GitHub has become an important resource for programmers around the world and a comprehensive knowledge base and repository for open source coding projects, data storage, and code management. However, the site is currently under an automated attack that involves the cloning and creation of a large number of malicious code repositories, and while the developers have worked to remove the affected repositories, a significant portion of them are said to have survived and more are being added on a regular basis uploaded base.

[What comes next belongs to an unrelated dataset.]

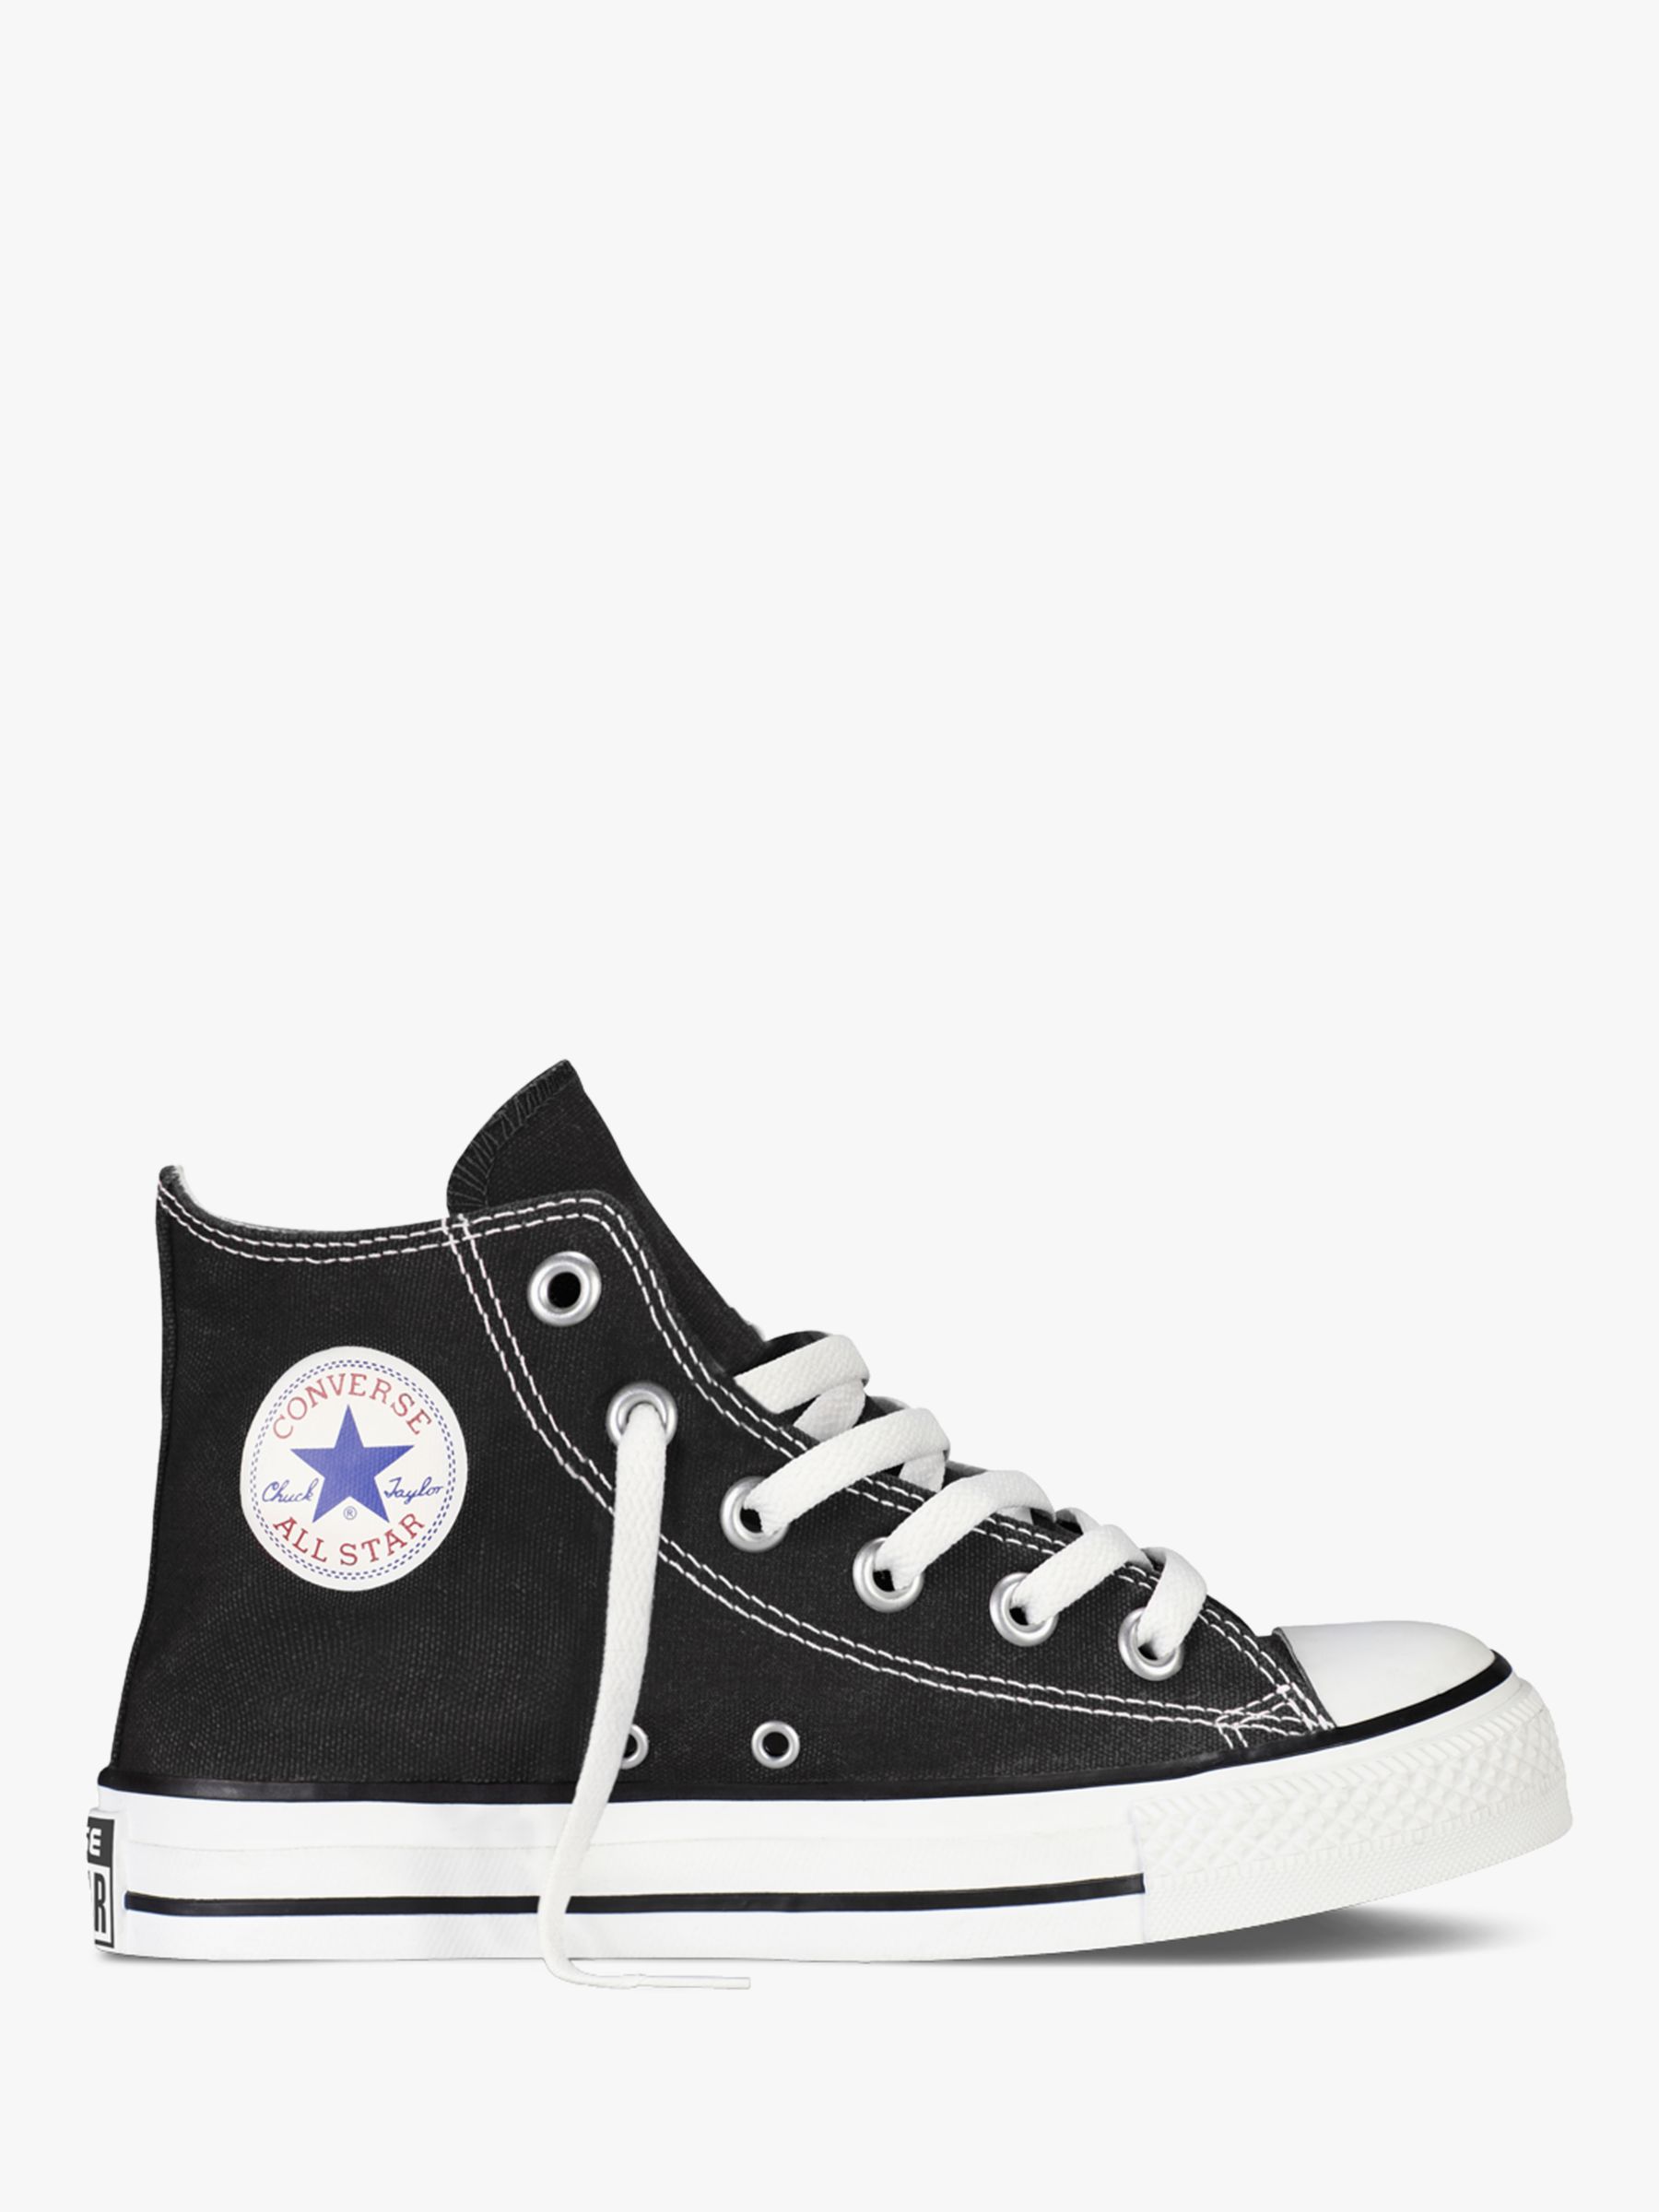 converse boots childrens shoes
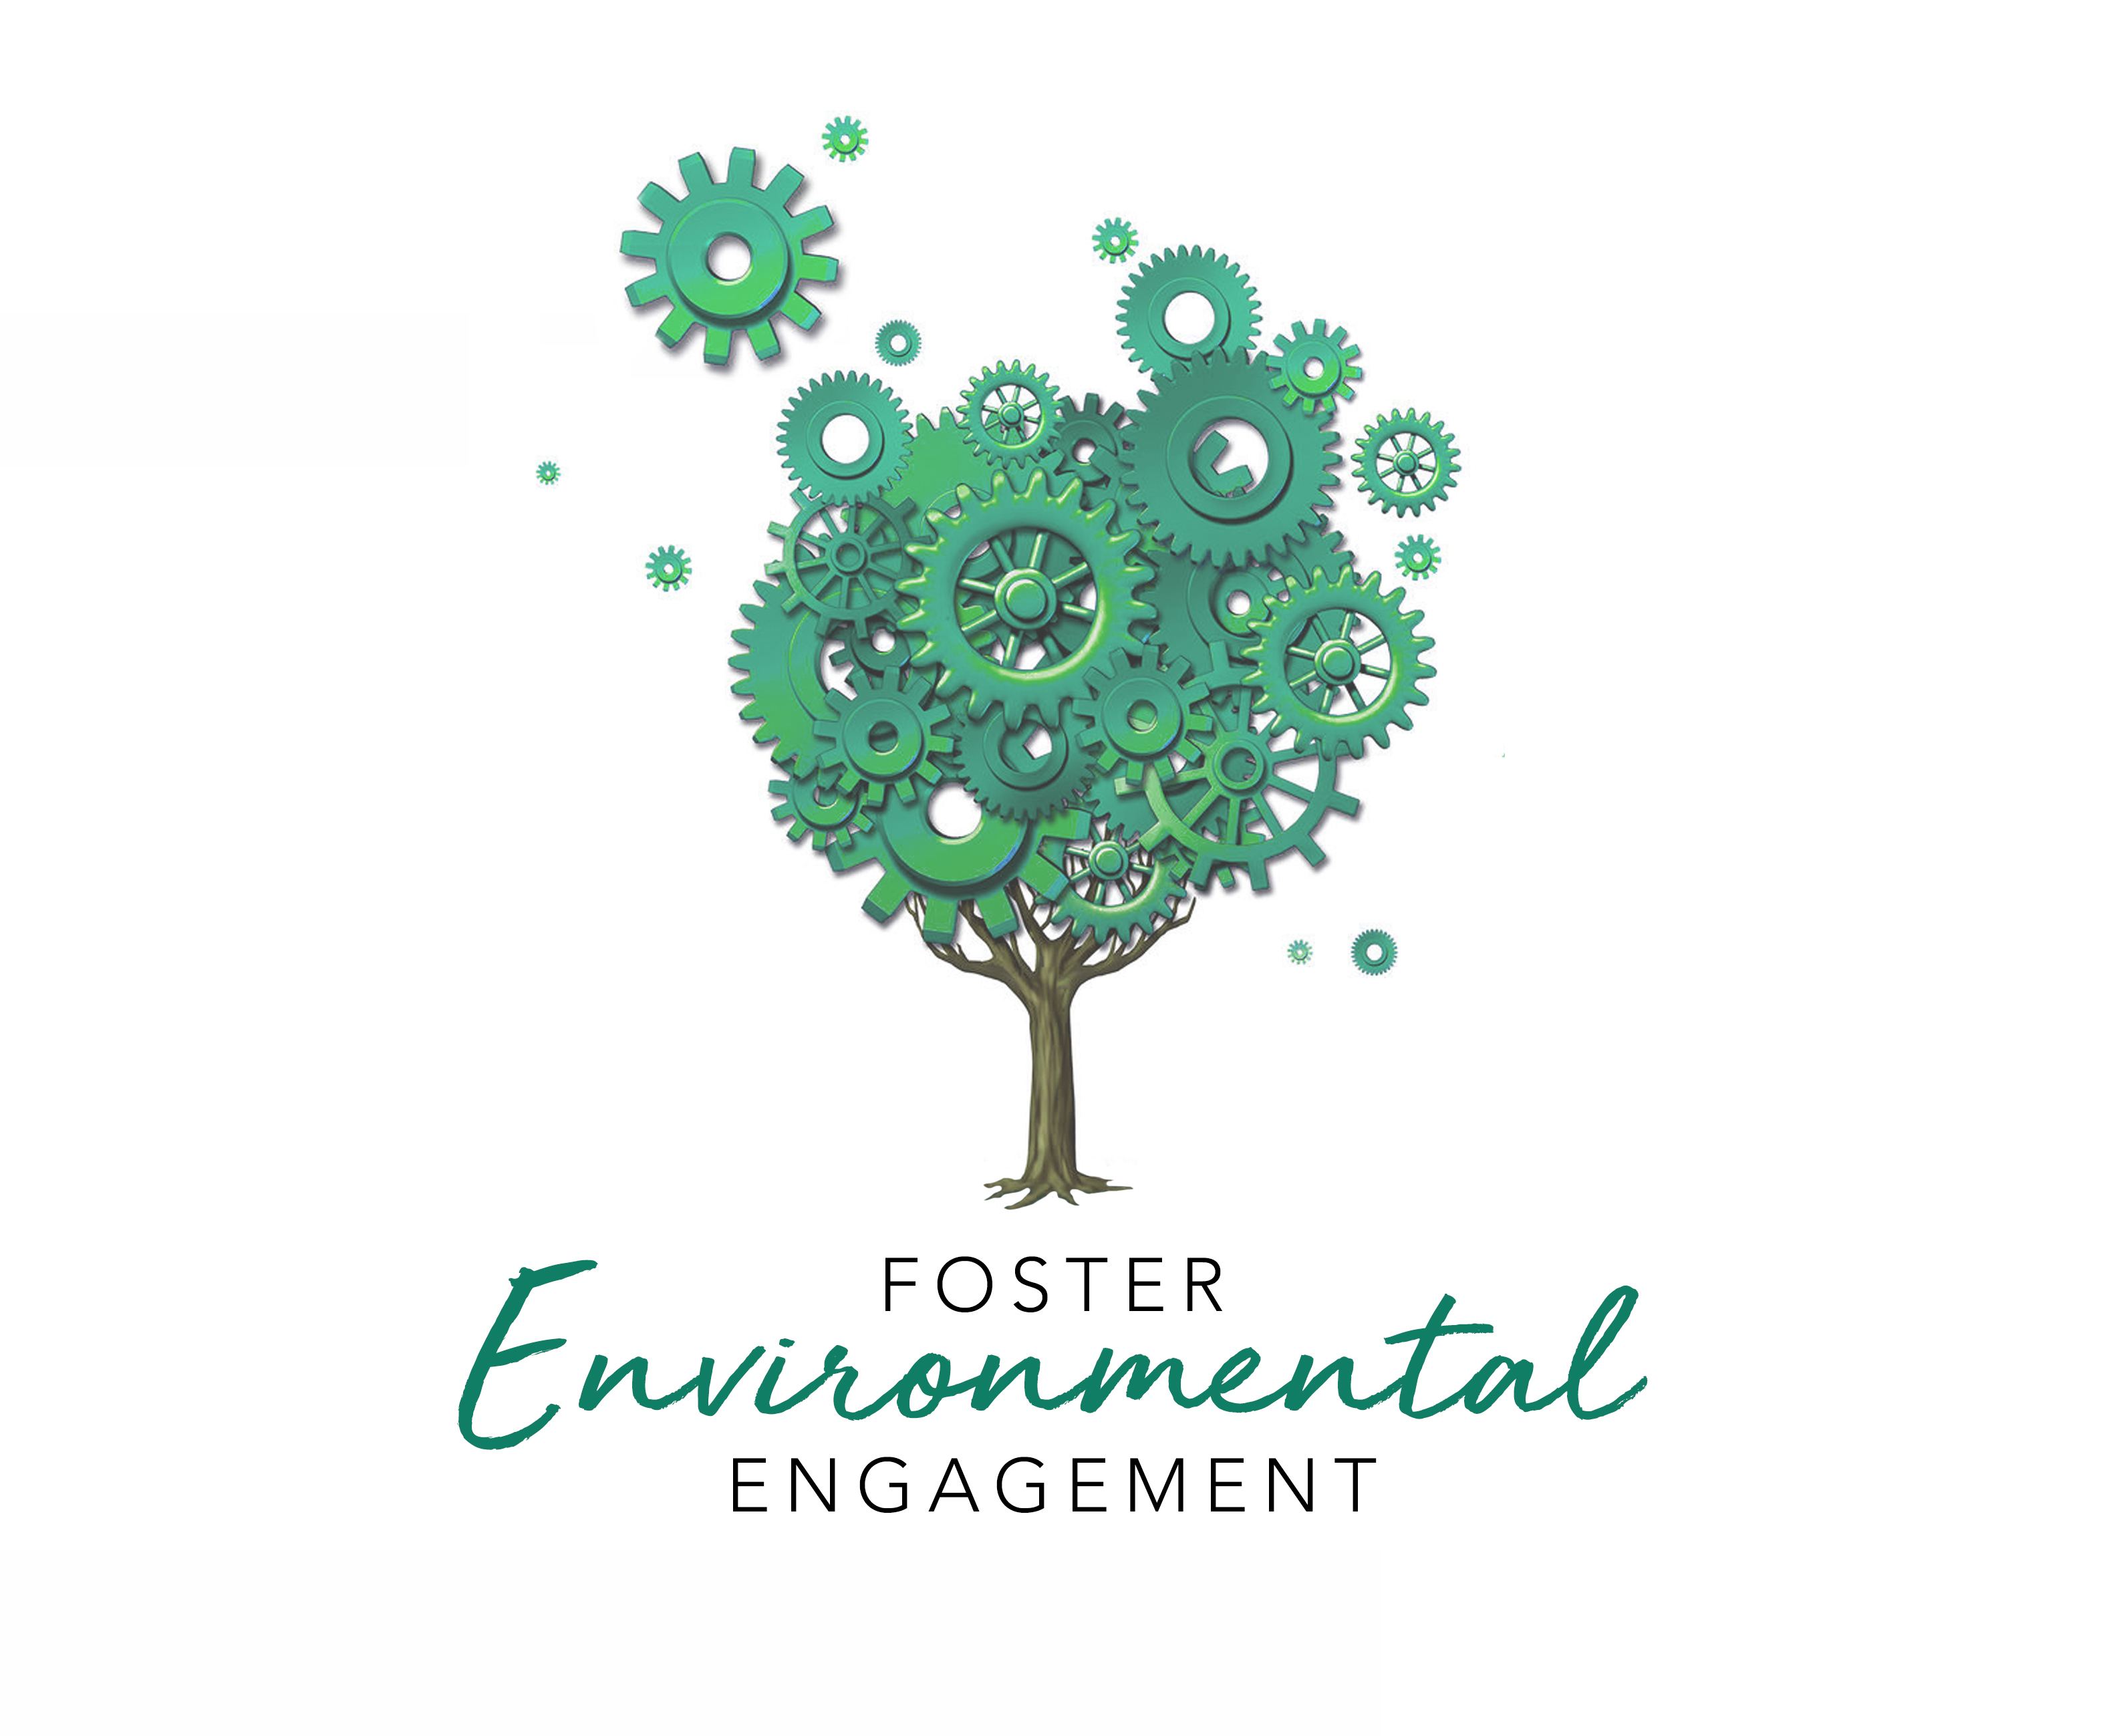 8 Ways Facilitators Can Foster Environmental Engagement in the Virtual Classroom

An unknown attacker has managed to create and deploy an automated process that forks and clones existing repositories while adding his own malicious code hidden under seven layers of obfuscation (via Ars Technica). These fraudulent repositories are difficult to distinguish from their legitimate counterparts, and some users, unaware of the malicious nature of the code, fork the affected repositories themselves, unintentionally increasing the scale of the attack.
Once a developer uses an affected repo, a hidden payload begins unpacking seven layers of obfuscation, including malicious Python code and an executable binary. The code then begins collecting sensitive data and credentials before uploading them to a control server.
The research and data teams from security provider Apiiro were there Monitoring for a resurgence of the attack since its relatively small beginnings in May last year. And although the company says GitHub quickly removed the affected repositories, its automation detection system is still missing many of them, and manually uploaded versions are still disappearing online.
Given the current scale of the attack, which researchers say includes millions of uploaded or forked repositories, even a 1% failure rate still means there may still be thousands of compromised repositories on the site.
While the attack was initially documented on a small scale and several packages containing early versions of the malicious code were discovered on the website, it has gradually grown in size and complexity. Researchers have identified several possible reasons for the operation's success so far, including the overall size of GitHub's user base and the increasing complexity of the technique.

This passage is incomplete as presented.